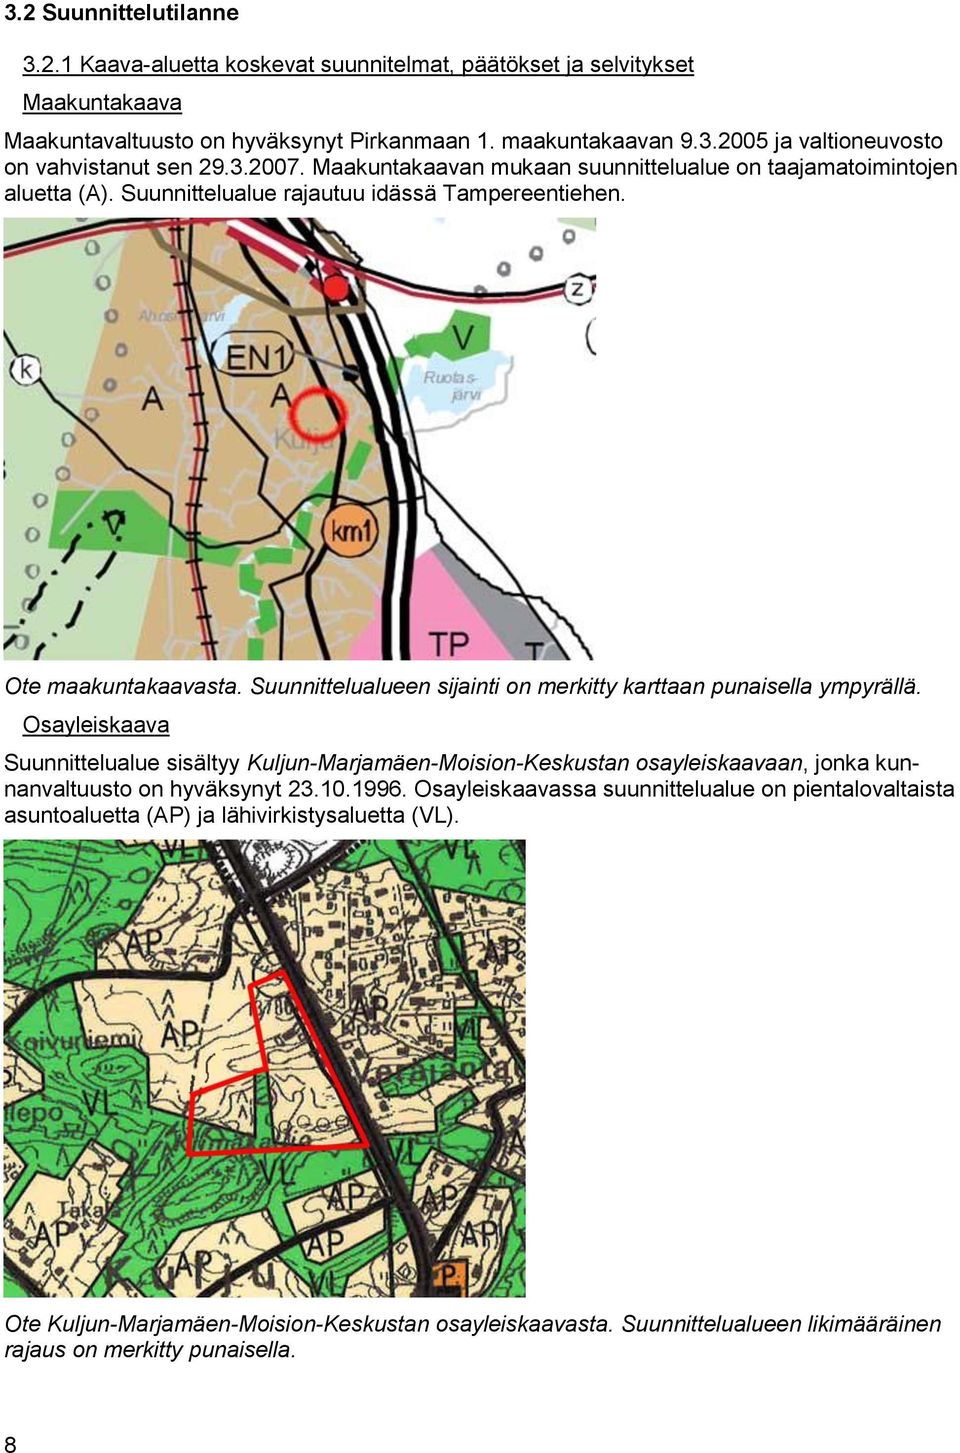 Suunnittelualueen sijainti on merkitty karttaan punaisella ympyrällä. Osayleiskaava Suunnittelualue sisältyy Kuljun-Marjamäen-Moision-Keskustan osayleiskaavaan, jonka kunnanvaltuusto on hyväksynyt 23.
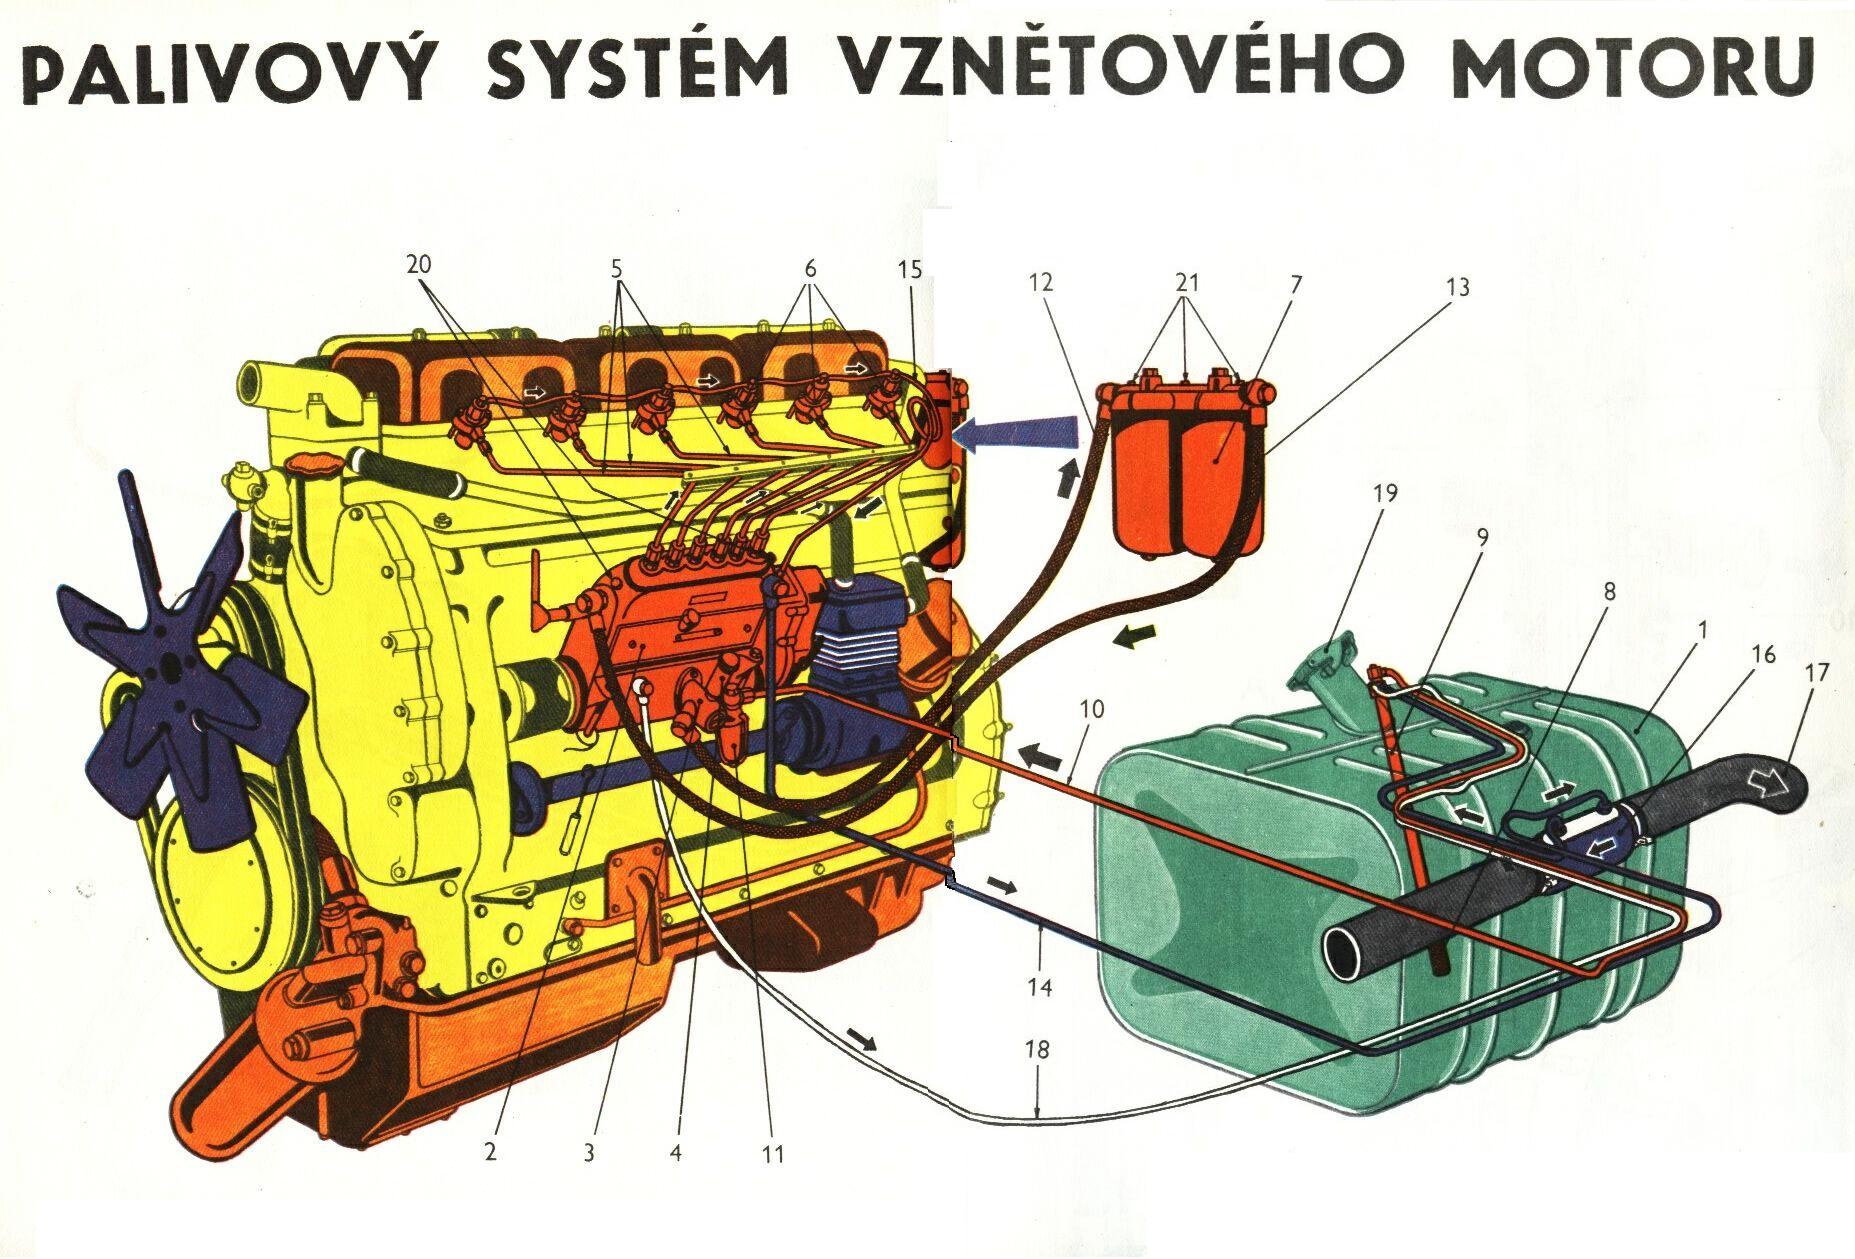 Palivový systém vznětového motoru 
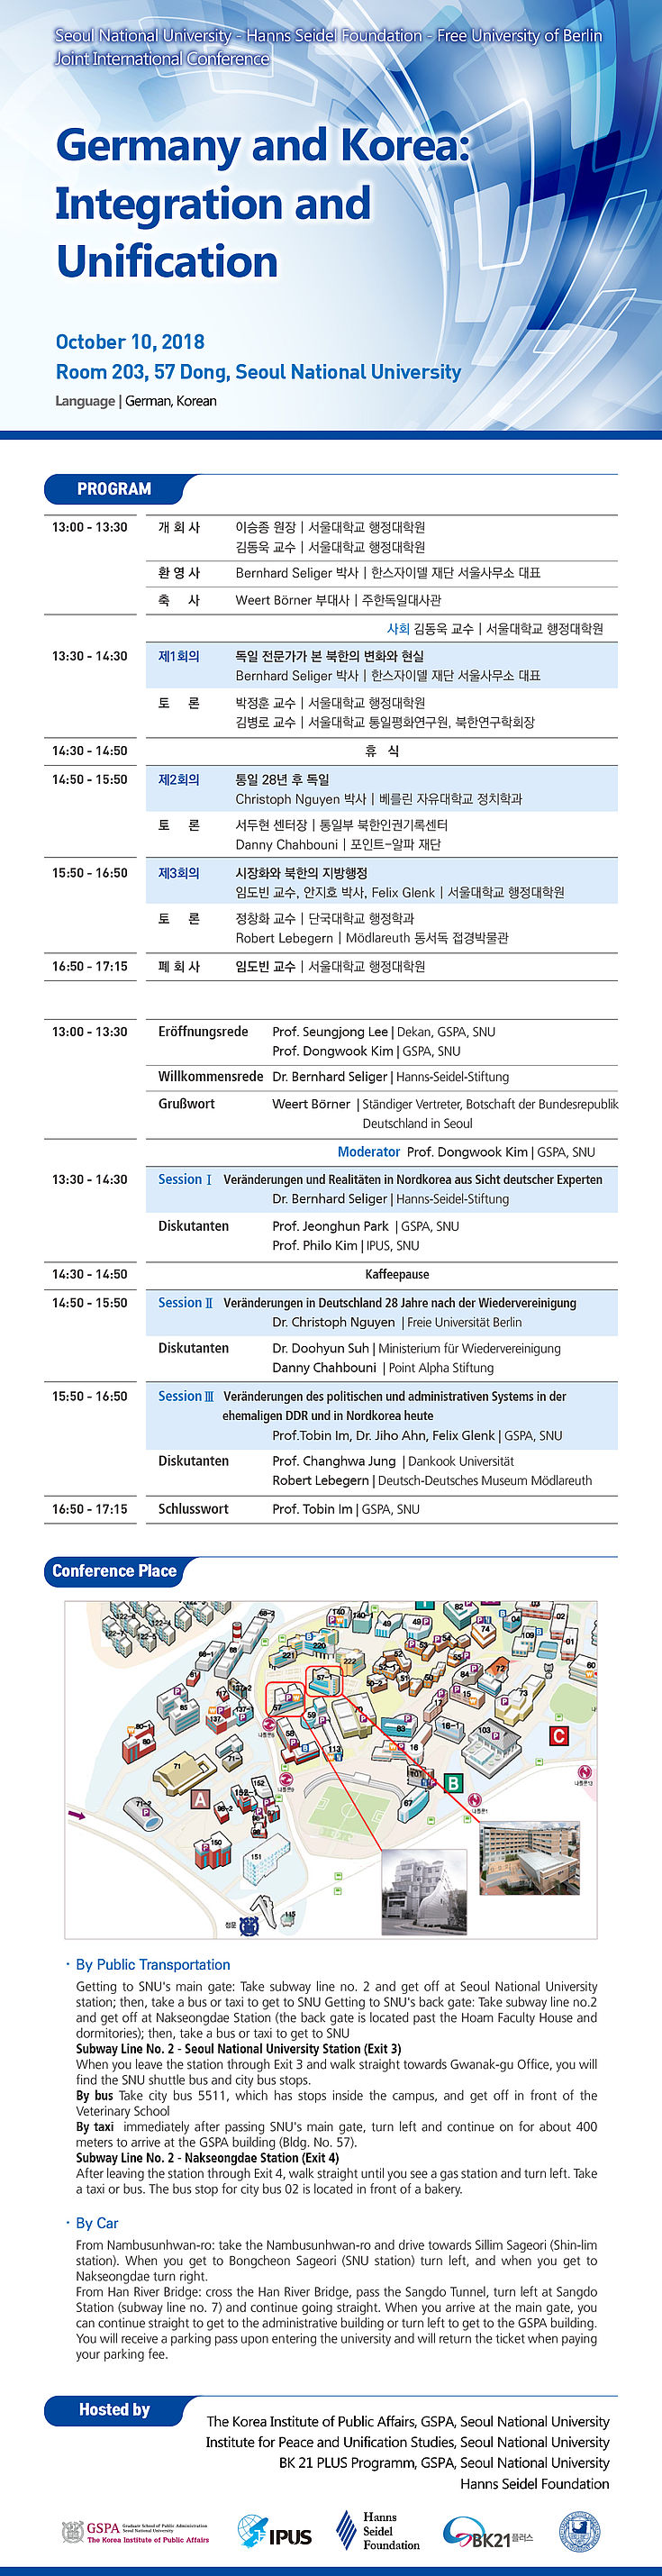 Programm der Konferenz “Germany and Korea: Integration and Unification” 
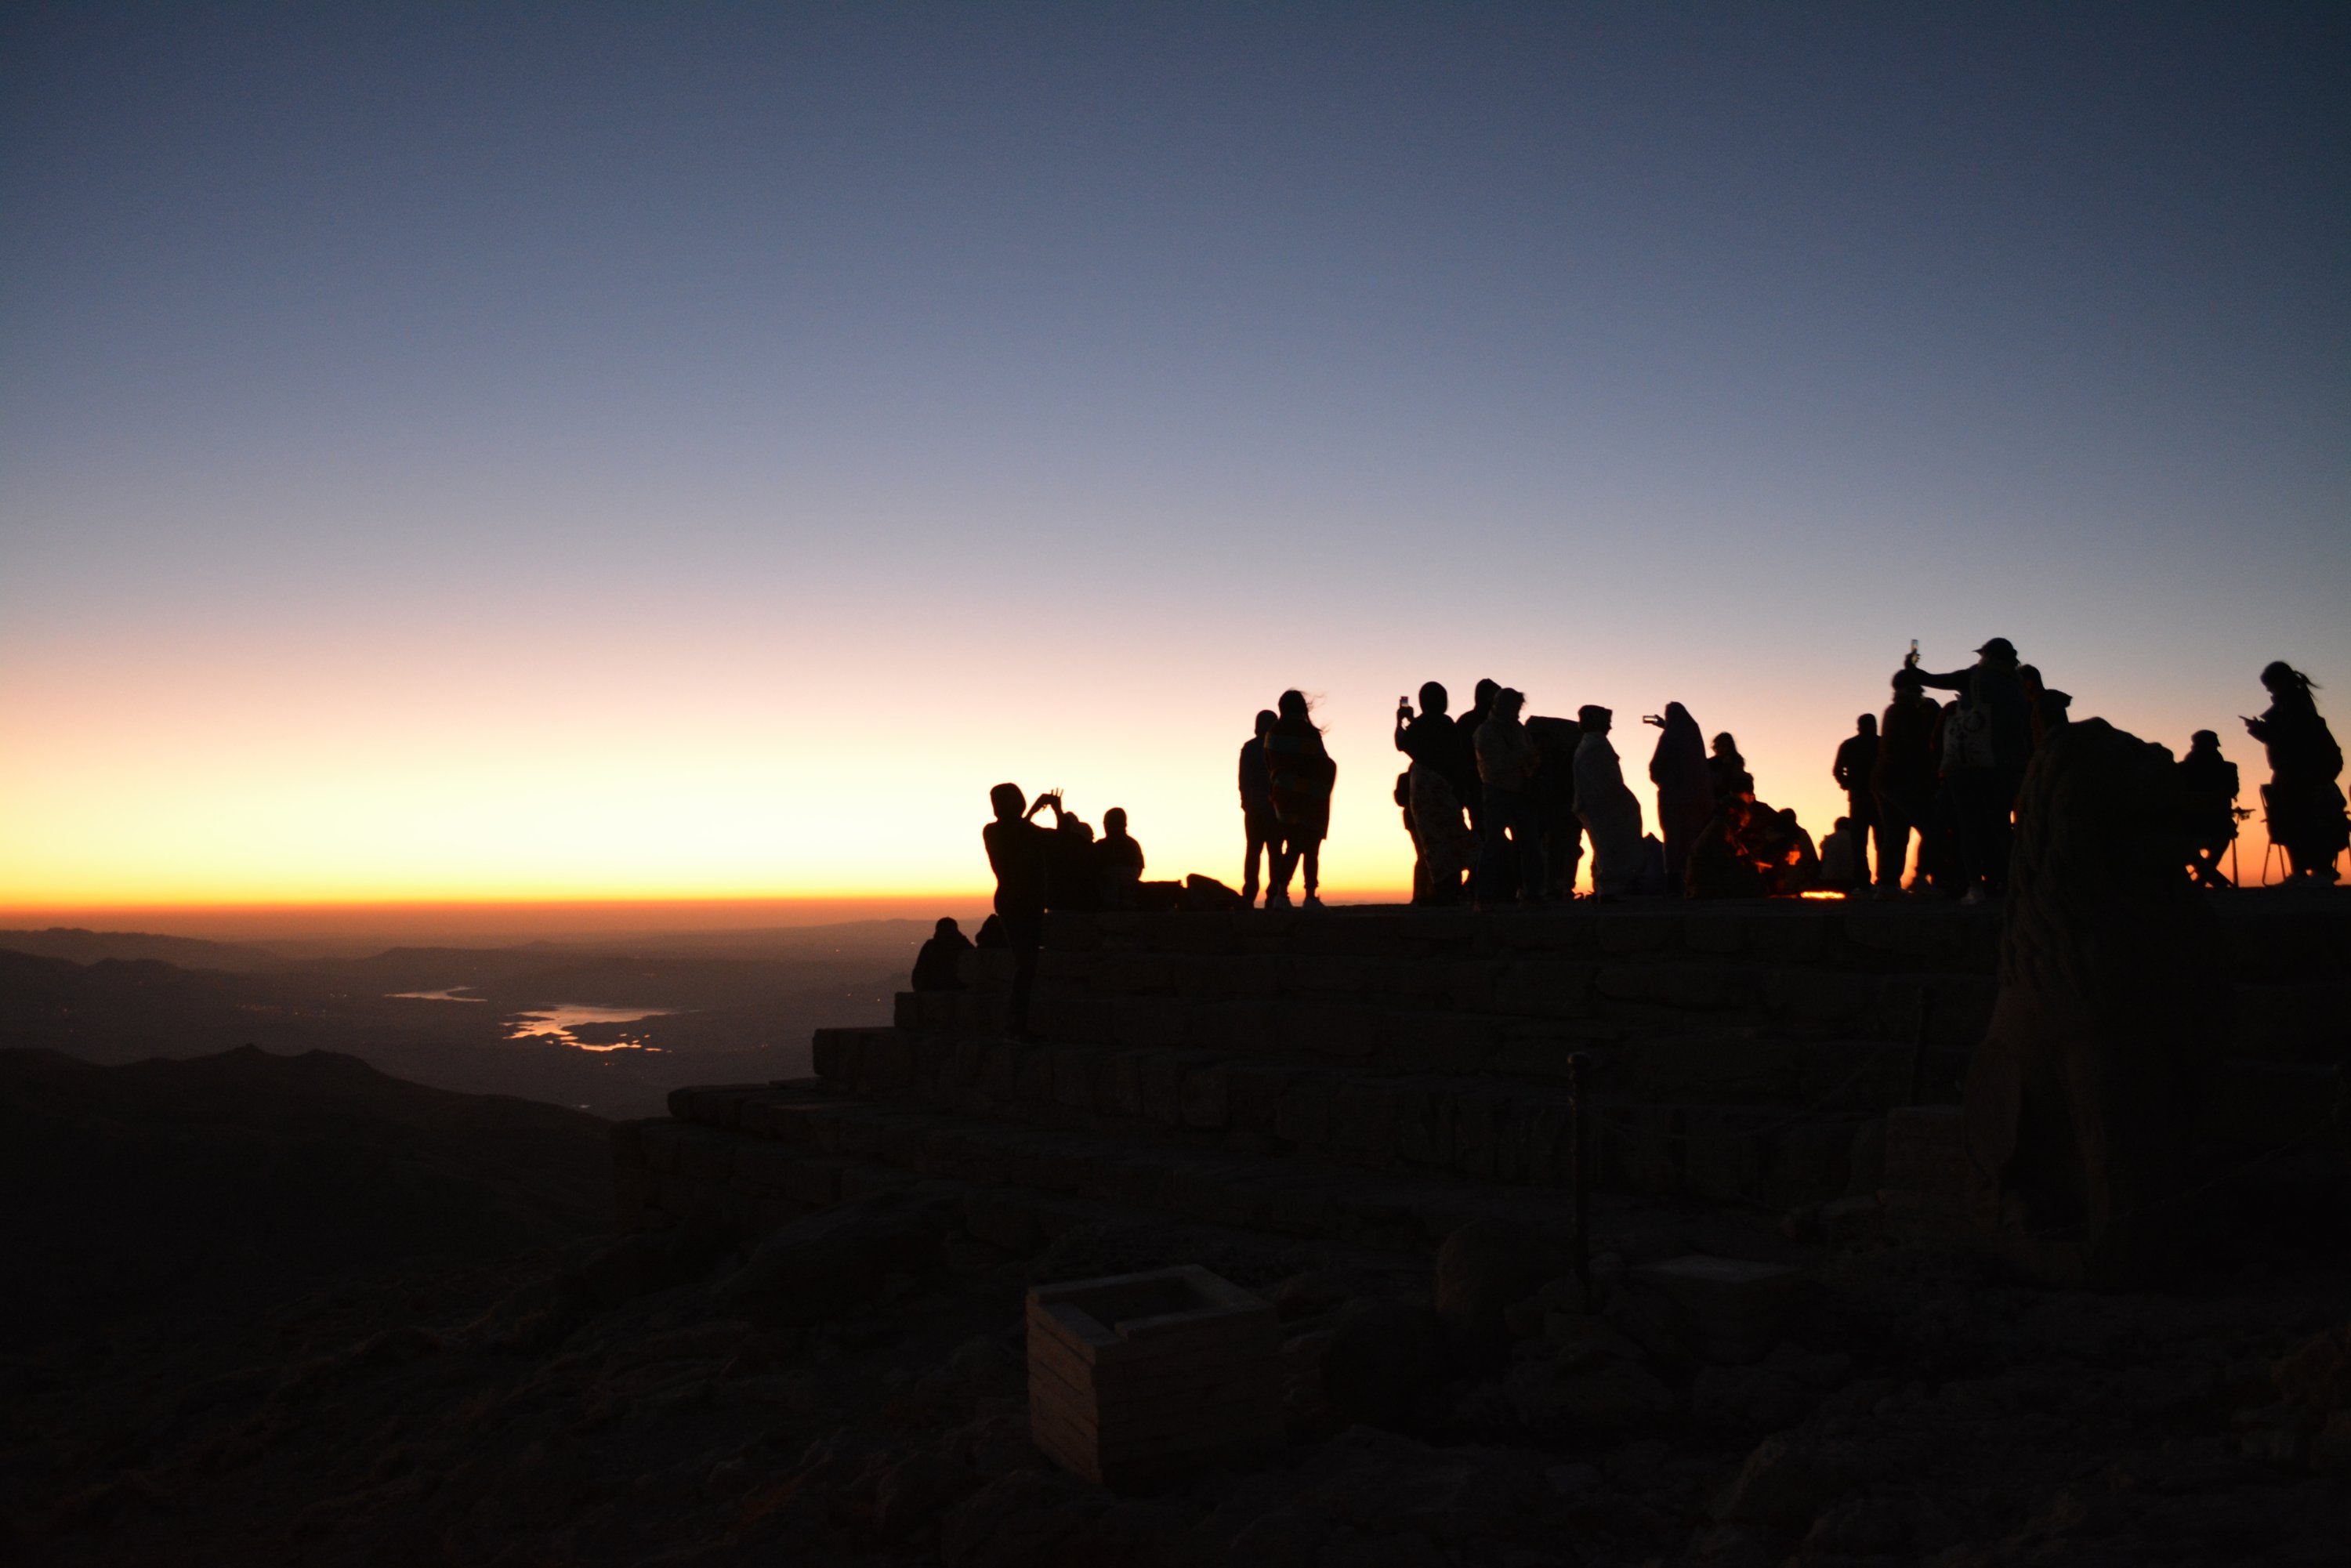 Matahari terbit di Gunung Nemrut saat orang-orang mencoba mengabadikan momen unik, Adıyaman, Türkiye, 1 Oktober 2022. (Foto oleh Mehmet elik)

> Assignment: Without the pictures, write out the whole listing above exactly as it appears.

> Solution for this task:
 Suunnittelualueen sijainti on merkitty karttaan punaisella ympyrällä. Osayleiskaava Suunnittelualue sisältyy Kuljun-Marjamäen-Moision-Keskustan osayleiskaavaan, jonka kunnanvaltuusto on hyväksynyt 23.
 Palivový systém vznětového motoru 
 Programm der Konferenz “Germany and Korea: Integration and Unification” 
 Matahari terbit di Gunung Nemrut saat orang-orang mencoba mengabadikan momen unik, Adıyaman, Türkiye, 1 Oktober 2022. (Foto oleh Mehmet elik)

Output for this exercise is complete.